3. Jesus says we are to be peacemakers and to love our enemies. (Matt. 5:9,43-45). Some years ago, Sojourners magazine told the story of Marietta Jaeger, a Detroit writer, who every year would come to Washington, D.C. to protest the death penalty. What gave Marietta’s public witness such credibility was the fact that her own 7-year-old daughter, Susie, had been kidnapped in the middle of night during a family vacation in Montana. More than a year later, Jaeger learned that her daughter had been murdered.
Jaeger says that she: “Struggled with forgiveness. She questioned whether she would be betraying her daughter if she were to forgive someone who had done such terrible things to her. But she says God kept calling her beyond that. ‘Thought initially I ran the gamut of outraged reaction, I have come to believe that the only whole and healthy and happy and holy way that we can respond to a hopeless situation like that is to forgive.”
Montana, where the kidnapping and murder took place, had the death penalty. But Jaeger asked the FBI to offer him life imprisonment and a chance for psychiatric care. “My little girl was a gift of beauty and sweetness and goodness in my life,” says Jaeger. “To kill somebody in her name is really to violate her and profane her. I’d rather honor her life by saying that all of life is sacred and all of life is worthy of preservation from the very beginning of conception till the end when we die.”

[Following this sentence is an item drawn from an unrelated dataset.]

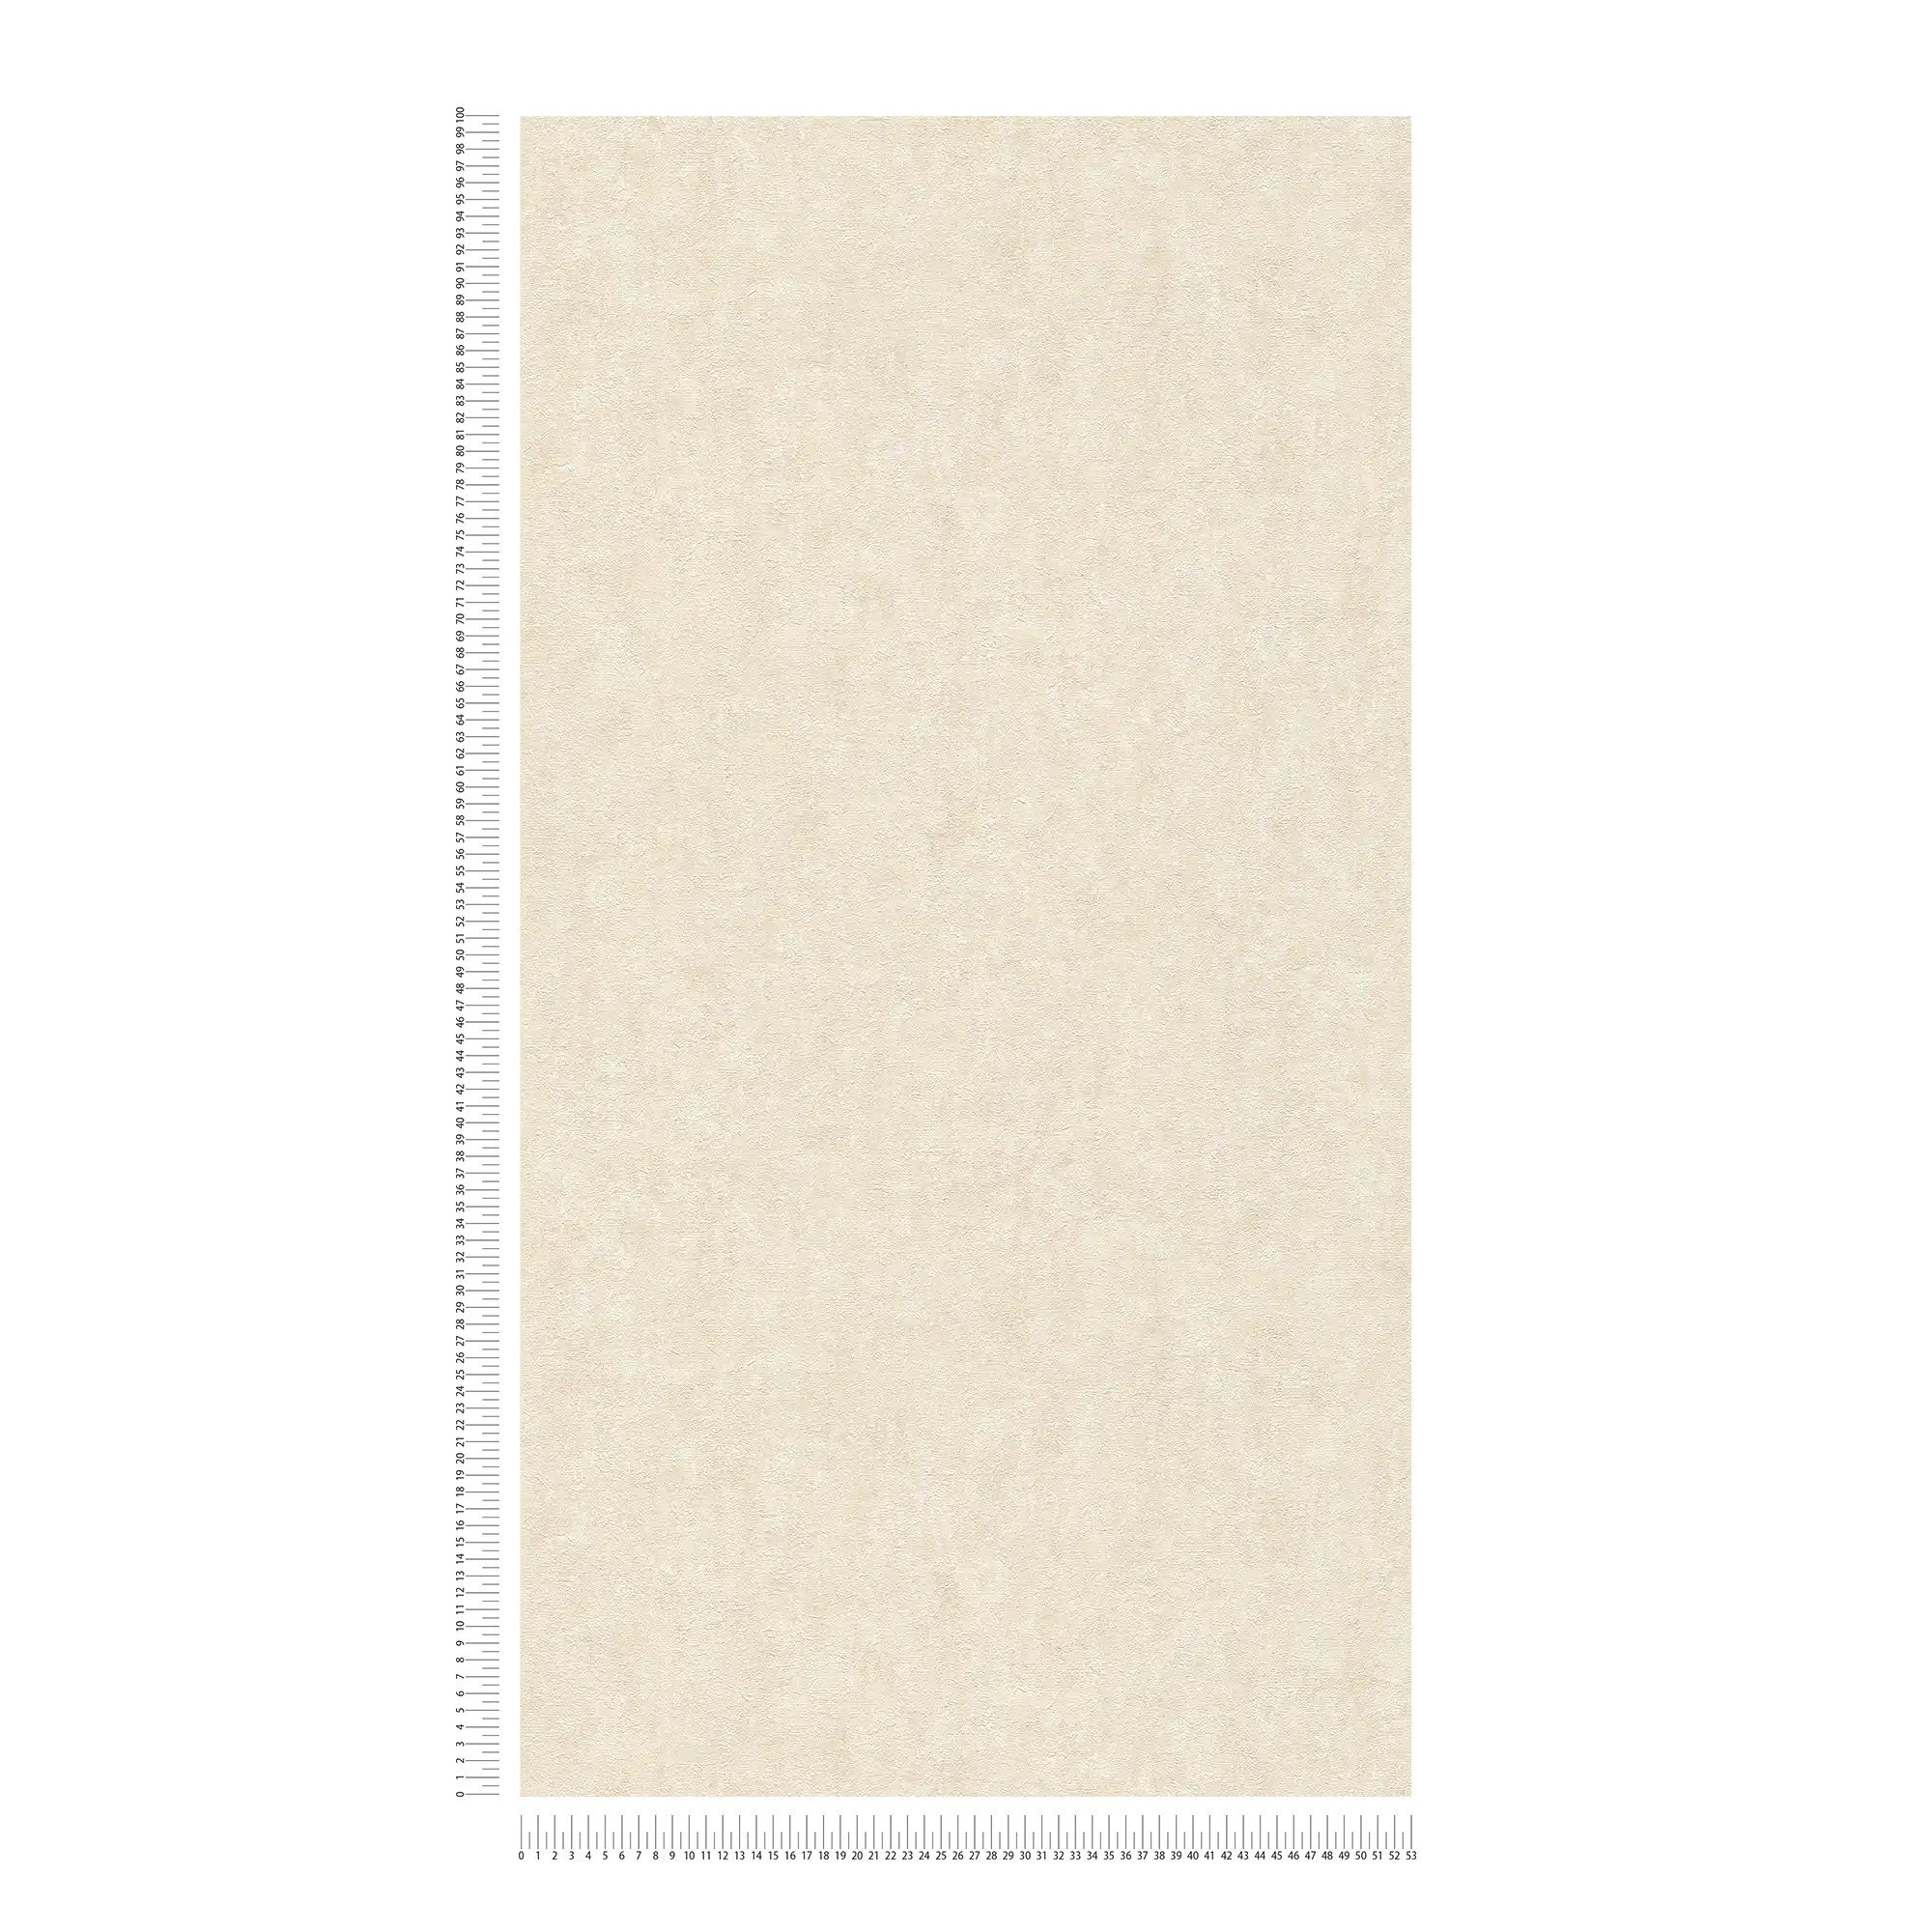             Carta da parati testurizzata in tessuto non tessuto screziato avorio - bianco, grigio, crema

We are God’s children; not children of this world. We are beloved. We are adopted into God’s family. We belong, we have a place at God’s table. And we are to behave in new ways. We are to be led by God’s Spirit. We are to do what is right and love our sisters and brothers. We are to be peacemakers and love our enemies.
Have you embraced your identity as God’s child? Or do you see yourself as worthless? Adrift? Unlovable?
“See what love the Father has given us, that we should be called children of God; and that is what we are” (I John 3:1). May we fully believe and act upon this truth.